NVIDIA Confidential Computing Manager for Kubernetes
GPU Operator deploys the manager, k8s-cc-manager, to set the confidential computing (CC) mode on the NVIDIA GPUs.
NVIDIA Sandbox Device Plugin
GPU Operator deploys the sandbox device plugin, nvidia-sandbox-device-plugin-daemonset, to discover NVIDIA GPUs along with their capabilities, to advertise these to Kubernetes, and to allocate GPUs during pod deployment.
NVIDIA VFIO Manager
GPU Operator deploys the VFIO manager, nvidia-vfio-manager, to bind discovered NVIDIA GPUs to the vfio-pci driver for VFIO passthrough.
Node Feature Discovery (NFD)
When you install NVIDIA GPU Operator for confidential computing, you must specify the nfd.nodefeaturerules=true option. This option directs the Operator to install node feature rules that detect CPU security features and the NVIDIA GPU hardware. You can confirm the rules are installed by running kubectl get nodefeaturerules nvidia-nfd-nodefeaturerules.

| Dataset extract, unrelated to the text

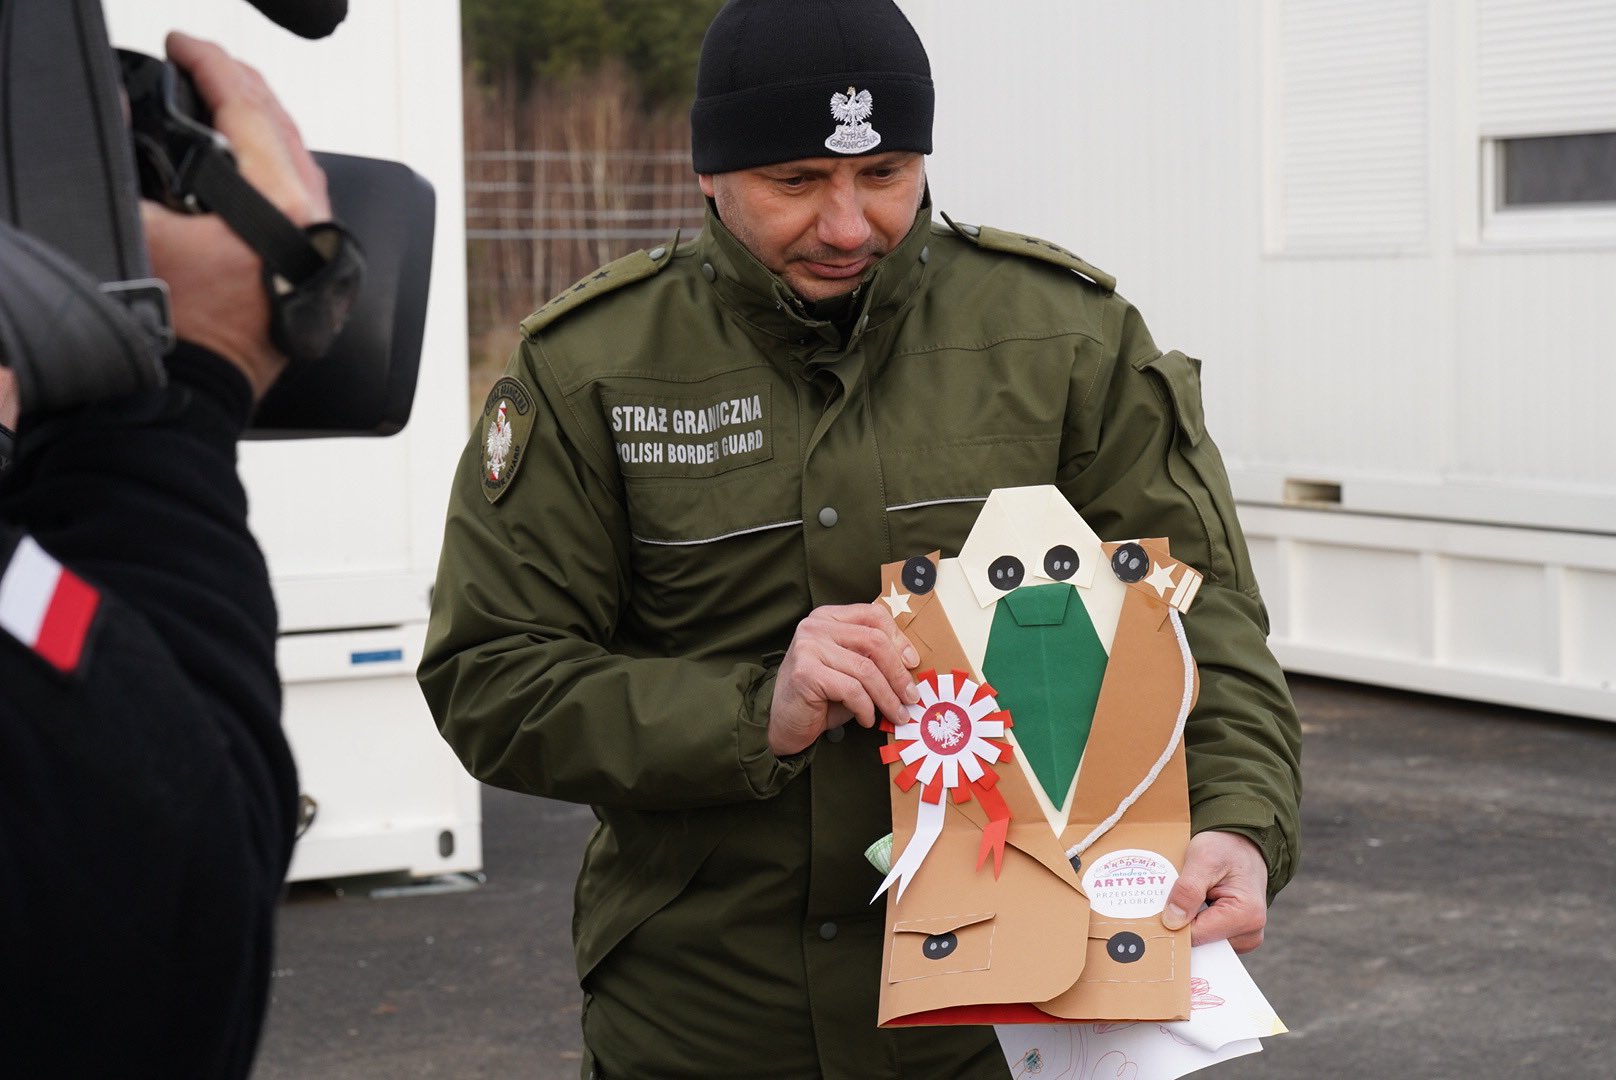 Żołnierze i funkcjonariusze służący na granicy dostali z całego kraju tysiące kartek z życzeniami (zdjęcia)

On nodes that have NVIDIA Hopper family GPU and AMD SEV-SNP, NFD adds labels to the node such as "feature.node.kubernetes.io/cpu-security.sev.snp.enabled": "true" and "nvidia.com/cc.capable": "true". NVIDIA GPU Operator only deploys the operands for confidential containers on nodes that have the "nvidia.com/cc.capable": "true" label.
Cluster Topology Considerations#
You can configure all the worker nodes in your cluster for running GPU workloads with confidential containers or you configure some nodes for confidential containers and the others for traditional containers. Consider the following example where node A is configured to run traditional containers and node B is configured to run confidential containers.
Node A - Traditional Containers receives the following software components |
Node B - Kata CoCo receives the following software components |
|---|---|
|
|
This configuration can be controlled through node labelling as described in Deploy Confidential Containers with NVIDIA GPU Operator.